- Active: Since 15 April 1956; 69 years ago
- Country: Pakistan
- Allegiance: Pakistan Armed Forces
- Branch: Pakistan Air Force
- Type: Fighter squadron
- Role: Multi-role
- Part of: Southern Air Command
- Airbase: PAF Base Masroor
- Nickname: Minhasians
- Mascot: Rashid Minhas

Commanders
- Notable commanders: Saeedullah Khan

Insignia

Aircraft flown
- Attack: JF-17

= No. 2 Squadron PAF =

No. 2 Squadron, nicknamed the Minhasians, is a Multi-role, fighter squadron of the Pakistan Air Force (PAF). It is named after Pilot Officer Rashid Minhas, the youngest & PAF's sole recipient of the Nishan-e-Haider Gallantry medal.

==History==
No 2 Squadron was established on 15 April 1956 at PAF Station Mauripur as No 2 Fighter Conversion Unit, initially equipped with T-33 aircraft.

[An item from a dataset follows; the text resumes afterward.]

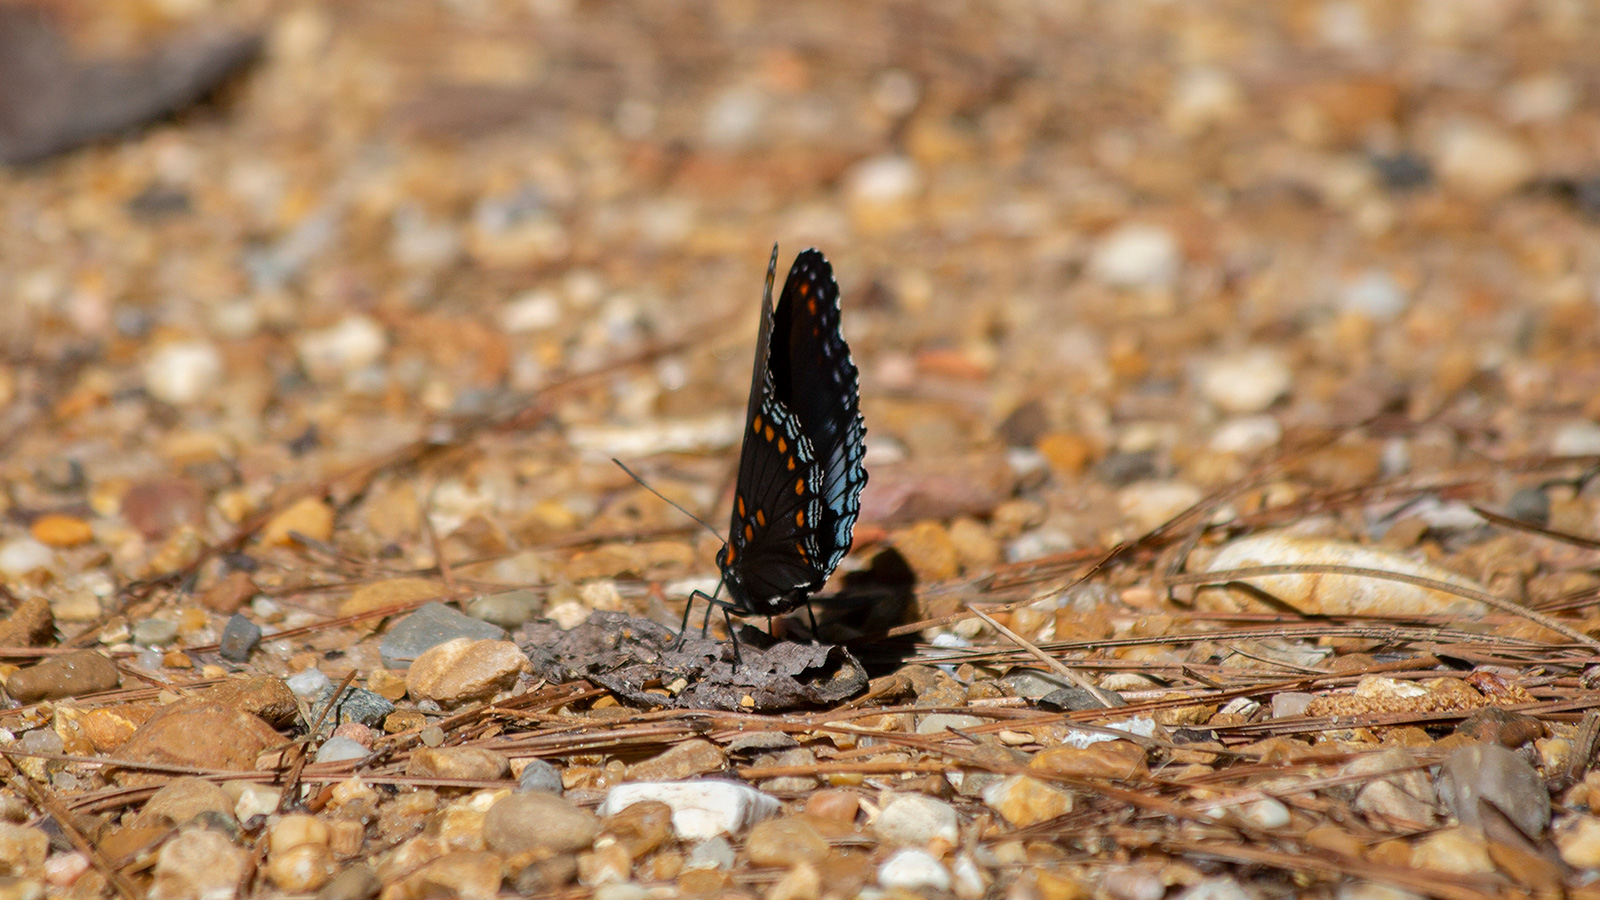 Red-spotted purple butterfly on a rocky dirt road

In December 1979, it was designated as No 2 Composite Squadron and later, in September 1990, renamed No 2 Air Superiority Squadron.

The squadron's original mission was to provide jet conversion training for new graduates from the PAF Academy and conduct check rides and instrument ratings for all jet pilots of the Pakistan Air Force. In May 1972, following the disbandment of No 20 Photo Reconnaissance Squadron, No 2 Squadron acquired its RT-33 aircraft and photographic equipment, thus expanding its responsibilities.

With its new designation as a composite squadron in December 1979, No 2 Squadron took on additional tasks such as ground-controlled interceptions for training Air Defence Controllers and aerial target towing for all three services. In August 1982, after No 7 Squadron was temporarily disbanded, No 2 Squadron inherited its B-57 aircraft, adding night interdiction and special missions to its role.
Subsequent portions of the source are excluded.